HerMajesty Releases New Single “I Saw The Dog”



New York City art rock act HerMajesty bring a lot to the table with their music. They blend new wave, alternative rock and pop into an original sound of their own. The theatrical way of singing by frontman John Pasagiannis adds an interesting dimension. On Oct 17, the band released the single “I Saw The Dog” via Providence label Midday Records. I had a chat with Pasagiannis about the making of the single, putting it out on multi-colored vinyl, his view of the current political landscape in the United States, his profession as a psychologist and his looking forward to the holiday season.

Rob Duguay (Motif): HerMajesty’s new single “I Saw The Dog” is currently out on vinyl and there’s a bunch of different colors to choose from. From what I’ve seen there’s blue, yellow, orange and red vinyl. Who came up with the idea for that? Was it you or Davey Moore from Midday Records?

John Pasagiannis: It was actually a mutual idea after we talked about it together. He suggested that it might “pop” more and I went along with it.

RD: It’s a pretty unique thing. For a single, you rarely see a bunch of little 45s in different colors when most of the time it’s the classic black.

JP: Yeah.

RD: The song itself has a dystopian, romantic vibe that revolves around the current political landscape and the existence of “alternative facts.” When you were writing this song, did you write it to serve as a mental release from all the craziness that’s been happening these days or did you write it because you wanted to say something?

JP: The song was written in a few stages. Originally, when I started, my focus was dominant, submissive relationships and unrequited love. I was playing with the idea that in intimate relationships sometimes there is this unintentional lack of respect that takes place and sometimes it has an exploitative feel to it. As I got into the song, with all of these things happening in the United States and specifically United States politics, everything started taking a different connotation and I really started fleshing it out. I noticed that there’s a majority of the population that has a sadomasochistic relationship to, at the time, the presidential candidate who is now the president of the United States.

It started being a narrative of a bad relationship but also of United States politics on a global level. As I was thinking about these things, it was beginning to emerge with this connection between submissive, dominant, disrespectful, personal relationships and the kind of politics that the United States has been involved in for decades throughout the world and the current political climate within the United States. Out of that came all these really interesting lyrics that were originally not in the song. The lyrics in some ways reference the war in Iraq, they reference waterboarding, they reference the use of fascist symbols within communist symbols, and it’s all there in the songs for the listener to put together for themselves. That’s how the song came to be, and I really wanted from a musical perspective the orchestrations to tap into this dystopian, spooky vibe.

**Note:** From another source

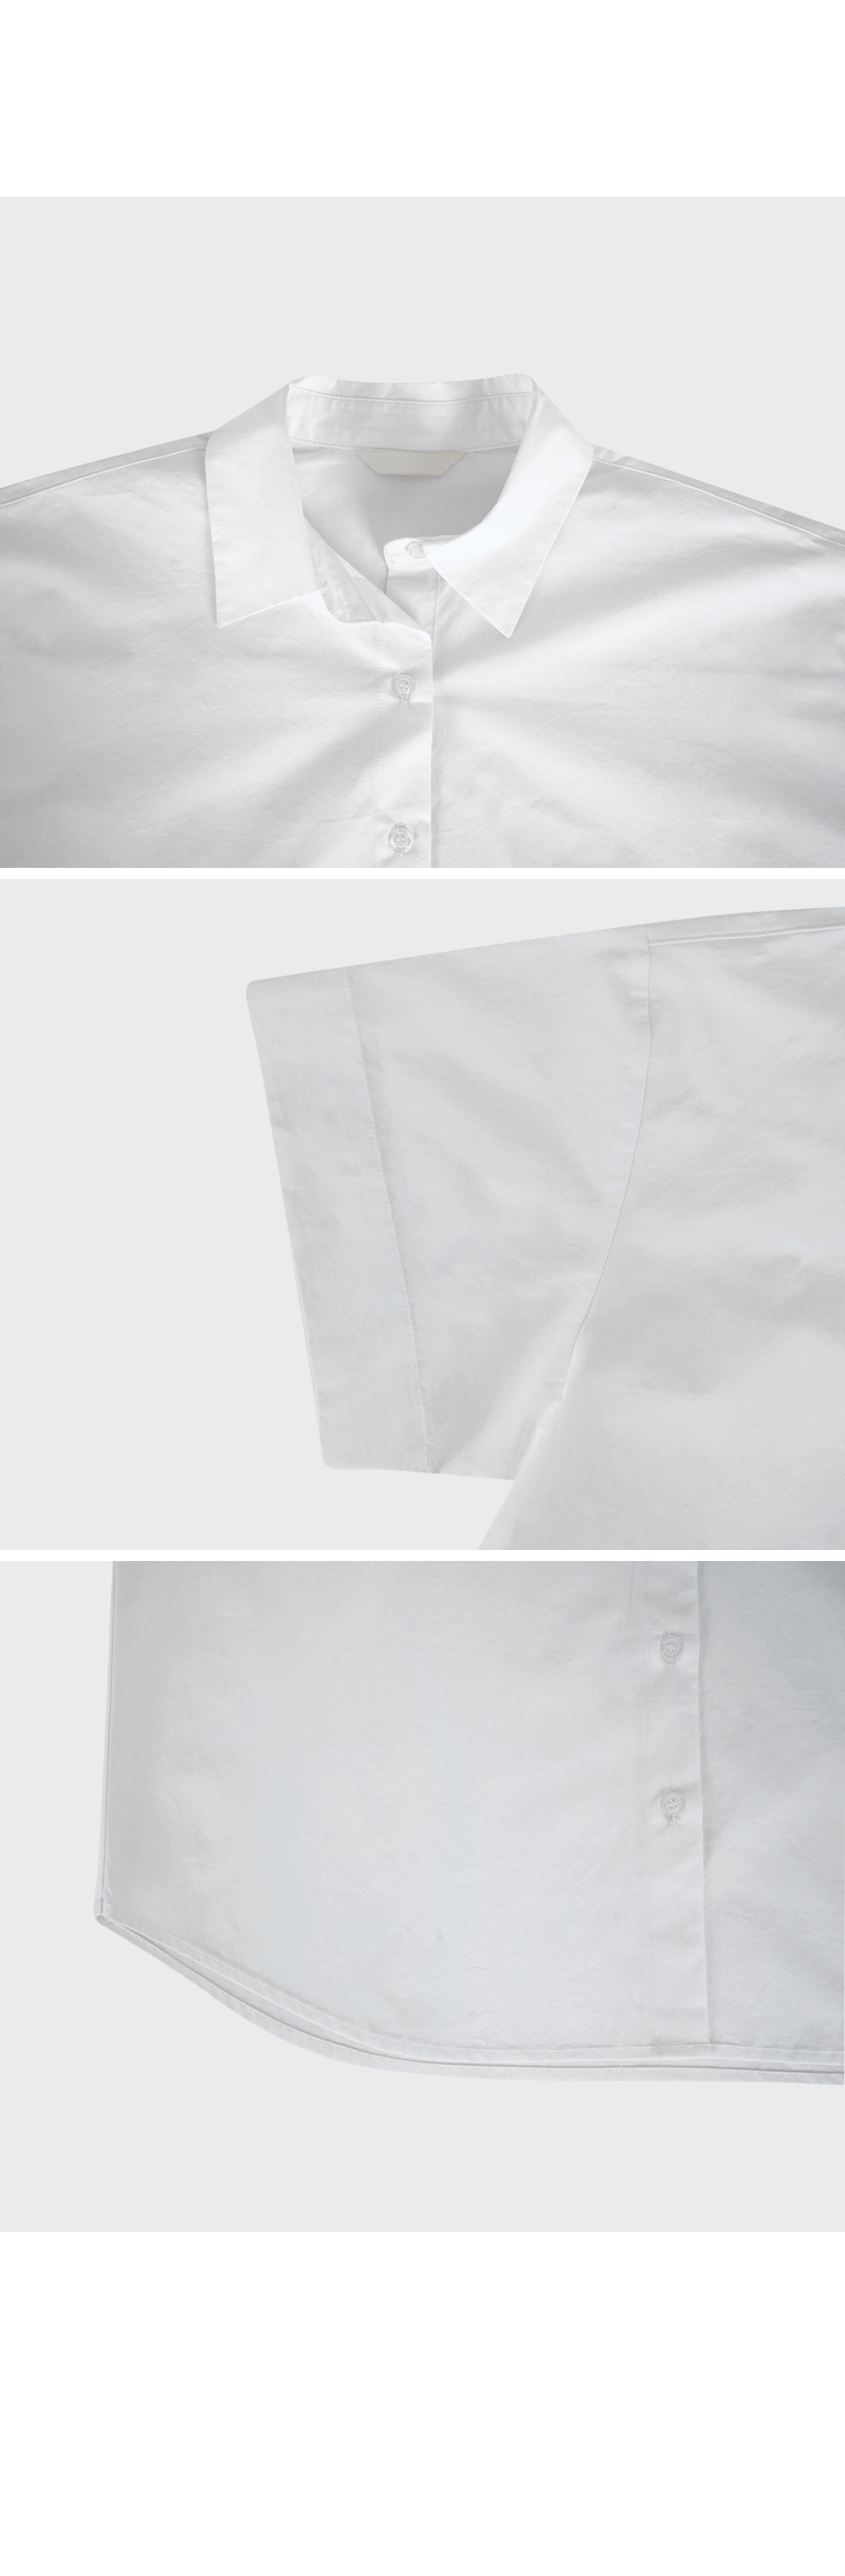 White Short Sleeve Cotton Shirt- Holiholic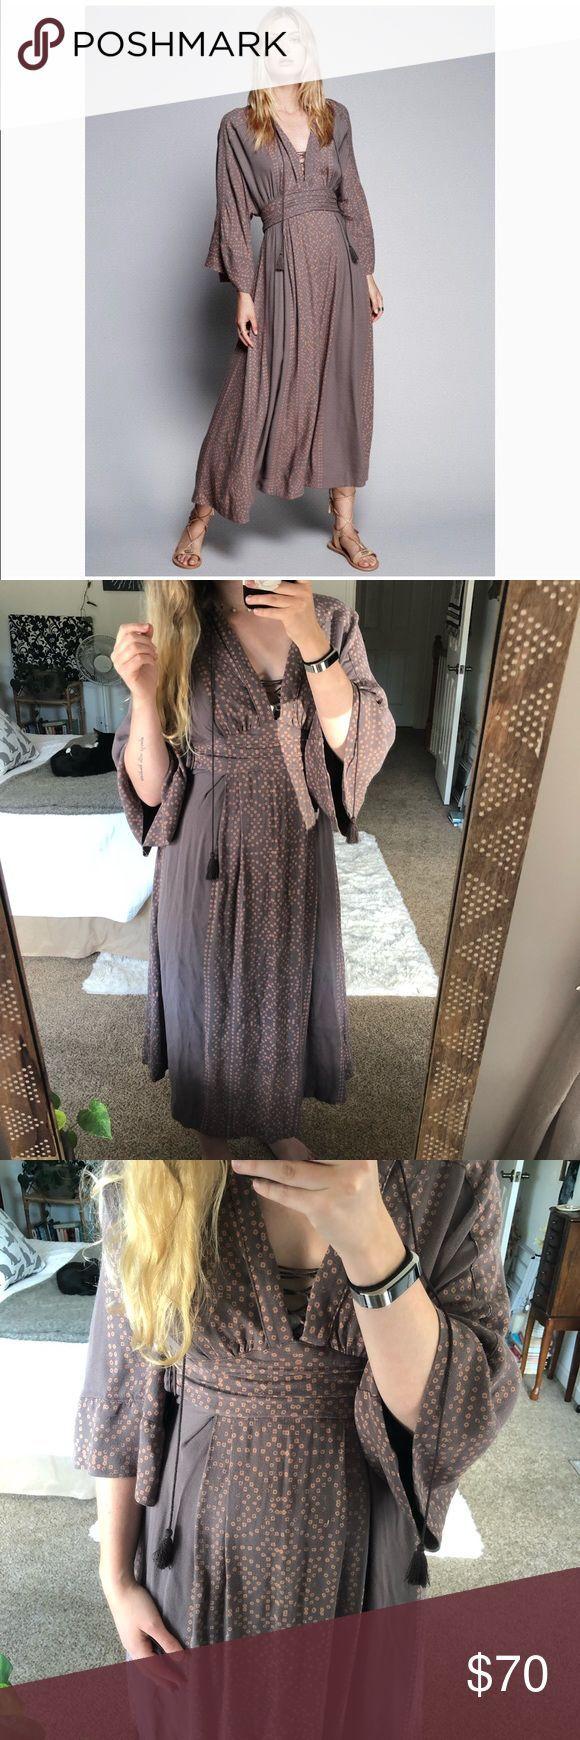 dieses free ist kimonokleid lang lila modern dress

I started having a conversation with a producer named Nic Hard and he said that he had the people who could really make this happen for HerMajesty and bring that out in the song. Then I connected with Chris McQueen from Snarky Puppy, he’s one of the guitarists in that band.

RD: Those guys are great.

JP: Yeah, for sure. They’re pretty amazing. He also played as part of the orchestra in the limited theatrical run of David Bowie’s Lazarus. I also brought in Henry Hey who played keyboards on one of Bowie’s albums and who was also the musical director for Bowie’s Lazarus play. These guys really tapped into what I was attempting to do and what I was working towards.

Henry Hey really did a wonderful job with the keyboards and he tapped into the sad and desperate aspect of the song. Chris McQueen just went for the jugular with all these really incredible howls and almost strutting guitar rhythm parts that runs from beginning to end. It was an amazingly great experience working with those two.

RD: Along with being a musician, you’re also a psychologist.

JP: That’s true.

RD: When it comes to writing lyrics, do you ever find yourself including stuff from your studies or does it have any sort of creative effect on you?

JP: Being a psychologist, I’m constantly thinking about what it means to be human, who I am as a person and who I am in relation to others. I’m usually reflecting on my experience, reflecting on my environment, and things come into that place because I approach my world, my experience and my relationships with others with a lot of curiosity. I create a space out of that generosity and a lot of things come in. I often don’t know how they come in or where they come in but things come in and I write out of that place.

RD: One thing that’s striking about HerMajesty, in my opinion, is the way you sing. You have a very operatic style and you have an incredible range. How did you find your own singing voice? Did you have vocal lessons when you were a kid and it grew from there or was it something that influenced you to sing that way when you were starting the band and you just went with it?

JP: That’s an interesting question. I think a lot of factors contributed to the way I approach my singing and the way that I sing. I’m an immigrant and I come from first generation migrants from Greece. Part of the Greek culture is tragedy, and tragedy usually comes from things that are larger than life. The Greek culture in general can be larger than life and express itself in intense ways. I think that kind of drama has influenced my vocal style.

Coupled with that at a very young age I started listening to David Bowie. What really appealed to me about David Bowie was that there were many things but his voice really stood out for me. No one could ever confuse David Bowie with someone else. He had a really unique voice and I really aspired to sing in the way that was unique. David Bowie was kind of the prototype for that, as were other singers that I admired. Elvis Presley and Bryan Ferry from Roxy Music also come to mind, these guys had unique voices and it turned out that after that I pursued vocal lessons.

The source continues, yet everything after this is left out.